• U.S.

Heartbreak In Cyberspace

5 minute read
Sophfronia Scott Gregory

Have a seat. Switch on the computer. Dial into a network. Type in a password. And welcome to the world of the WELL — the Whole Earth ‘Lectronic Link. Romance may be just a few keystrokes or the click of a mouse away. The California-based electronic bulletin board is one of the many new cybersocieties where men and women can meet and message each other in a network less smoky than a singles bar, less nerve-racking than a blind date. There are no worries about appearances. No flesh. No sweat. Utopia? No way. Romance gone awry has gummed up even this most sophisticated of social circuits.

Meet Lisa, Nancy and Beth (not their real names). In January, Lisa, 42, made contact with a man by way of the electronic bulletin board. Entranced with his terminal manner, Lisa allowed their e-mail relationship to progress to “voice-level” — that is, they called each other and soon were satisfying < their mutual lust in steamy phone sex that sometimes lasted up to four hours. The bills were huge. He lived on the East Coast, she on the West. Lisa thought she was in love, and she believed he felt the same way.

Nancy, 31, met her man electronically in May and began a near daily phone relationship that she found so satisfying it drove her to distraction. He made her believe she was the only one he was so intimate with, and he soon had her complete trust.

Beth, 38, also logged on to an intimate relationship with a WELL man. They communicated regularly, and he made her feel unique and special. Describing herself as “no naive young thing,” Beth nevertheless says, “when someone tells you what you need to hear, you begin to wonder if some kind of magic has happened.”

Lisa was so enthralled with her bulletin-board lover that she decided to move on to what WELL users call an F2F — a face-to-face. She agreed to split the cost of a plane ticket to fly her telephonic paramour to the West Coast. “We had a great weekend,” she says, “including fabulous sex.” But afterwards her lover turned cold, and the e-mail correspondence dissolved. A heartbroken Lisa grieved on a section of the network called WOW (Women on the WELL) — where no men are allowed.

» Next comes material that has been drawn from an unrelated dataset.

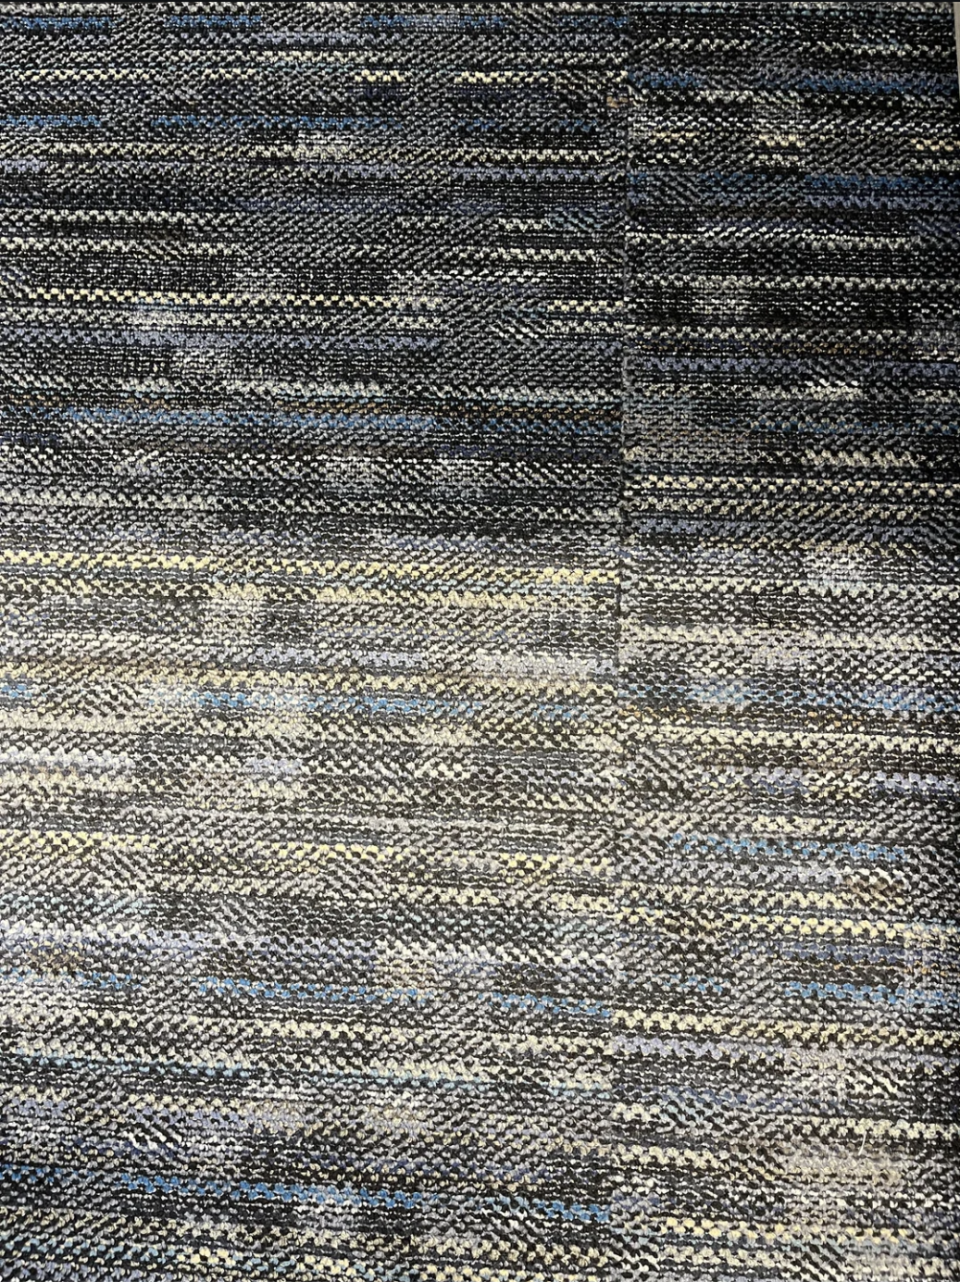 Close-up of a patterned carpet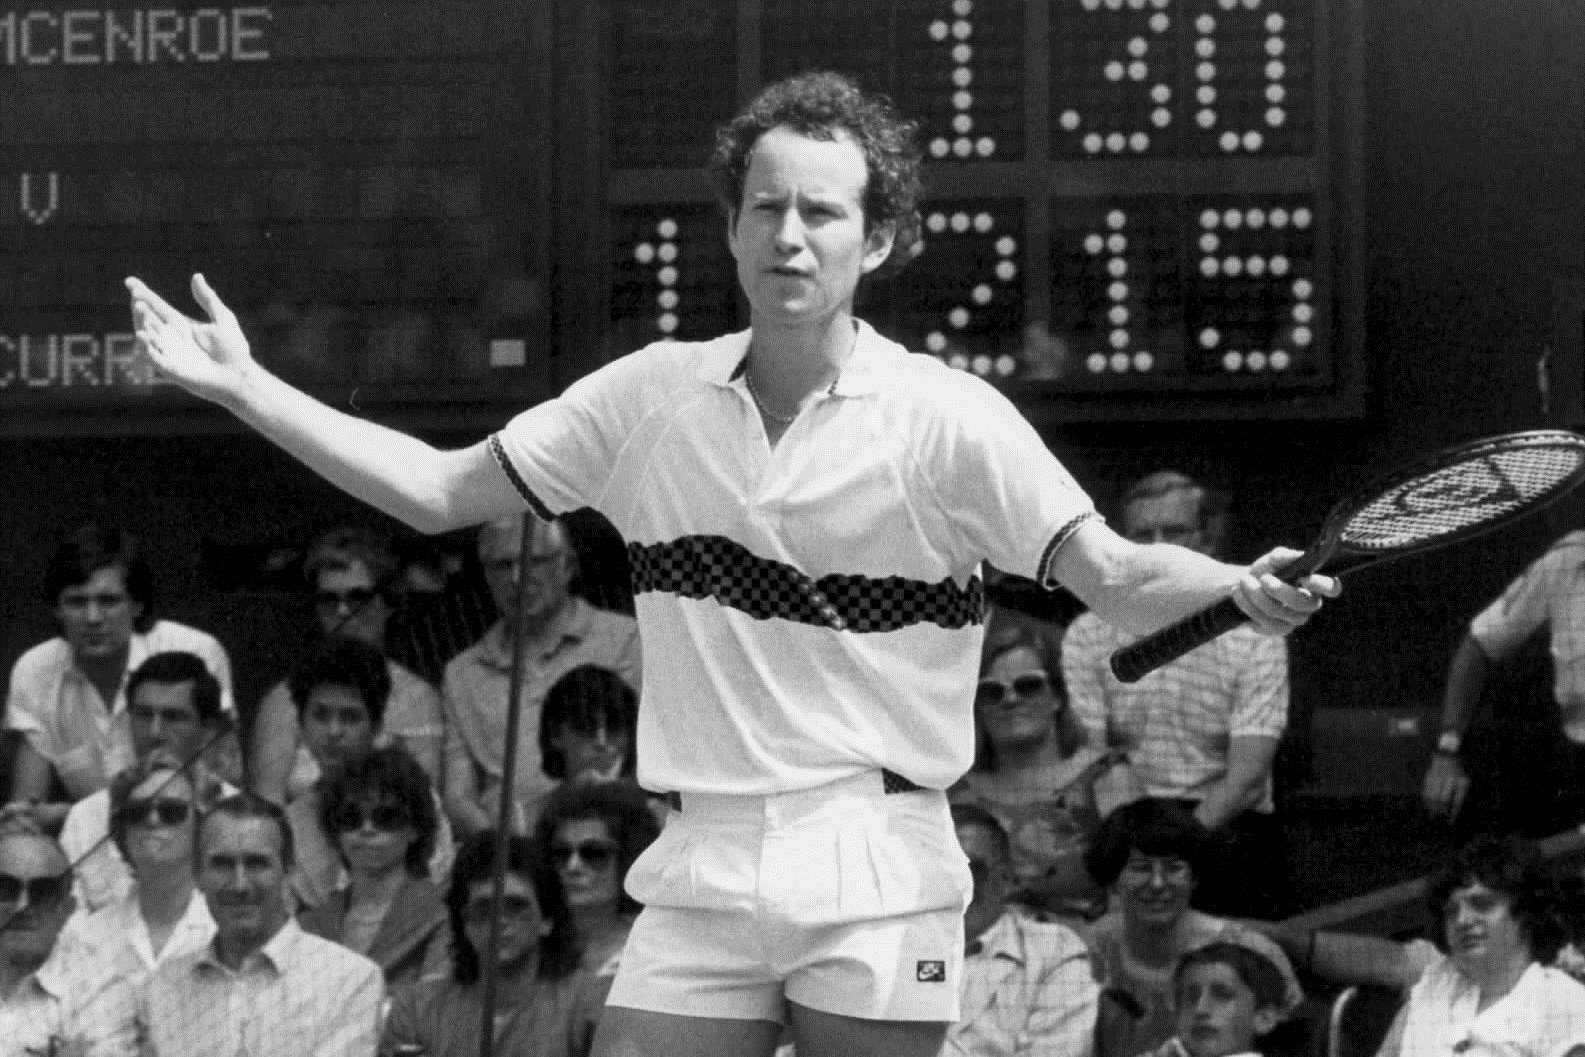 John McEnroe might well disagree with the city council decision

And that is how she met Beth and Nancy and discovered that they had all been involved with the same man. Let’s call him Mr. X.

The incensed women decided to go public on the general WELL — if only to keep others from falling into Mr. X’s trap. What ensued became “Topic 1290: Do You Know This Cyber-Scam-Artist?,” publicly exposing Mr. X to the WELL’s 8,000 members (among them, a high concentration of writers, journalists, musicians and Grateful Deadheads) and sparking a network-wide debate on the spoken and unspoken rules of electronic etiquette. Supporters of Lisa, Beth and Nancy sent their messages flying. “E-mail is the last refuge of a scoundrel,” said one. But there were plenty of opponents of the “outing” of Mr. X. “I haven’t seen anything posted here that suggests he did anything evil,” said a veteran WELL user. “The ugliness here smacks of a lynch mob out for good old-fashioned vengeance.”

Mr. X has come to his own defense. Though he admits he conducted cyberrelationships with more than one woman at a time, he insists he is the victim in this matter. “I feel my privacy was radically violated,” he says of the women’s electronic onslaught. “I didn’t make any relationship promises I didn’t keep.” In the bulletin-board free-for-all, he wrote, “I believe that I was supportive, caring and tender with these women. I gave as good as I got.” He adds, “I was experimenting in a new area for me. I didn’t think that the same concerns about fidelity I apply reflexively in physical relationships applied here in cyberspace. I was wrong.”

“This is a communal regime but the rules haven’t been made,” says Howard Rheingold, a WELL member since 1985. “We have people with different degrees of sophistication participating.” Until the affairs of Mr. X came to light, users could more easily overlook the potential for the abuse of the network. The illusion of safety promoted intense on-line intimacy — all behind the safety of a computer screen. Says Preston Stern, an ally of Mr. X, “The incident exposed in a very immediate way how the medium facilitates deception — emotional manipulation because of the absence of physical cues. It’s easy to keep secrets when you’re on-line.”

And so cyberspace cannot exist in a vacuum. Now, many of its denizens are mourning a paradise lost. Says one user: “The bottom line is that we can’t always trust each other and can’t always know who is worthy of our trust.” Why venture into an F2F when the party on the other side may think it’s just a game or an experiment? “I feel like an absolute fool,” says Lisa. “People look at a computer and fail to realize that behind those words is a real person with feelings.” Welcome back to the real world.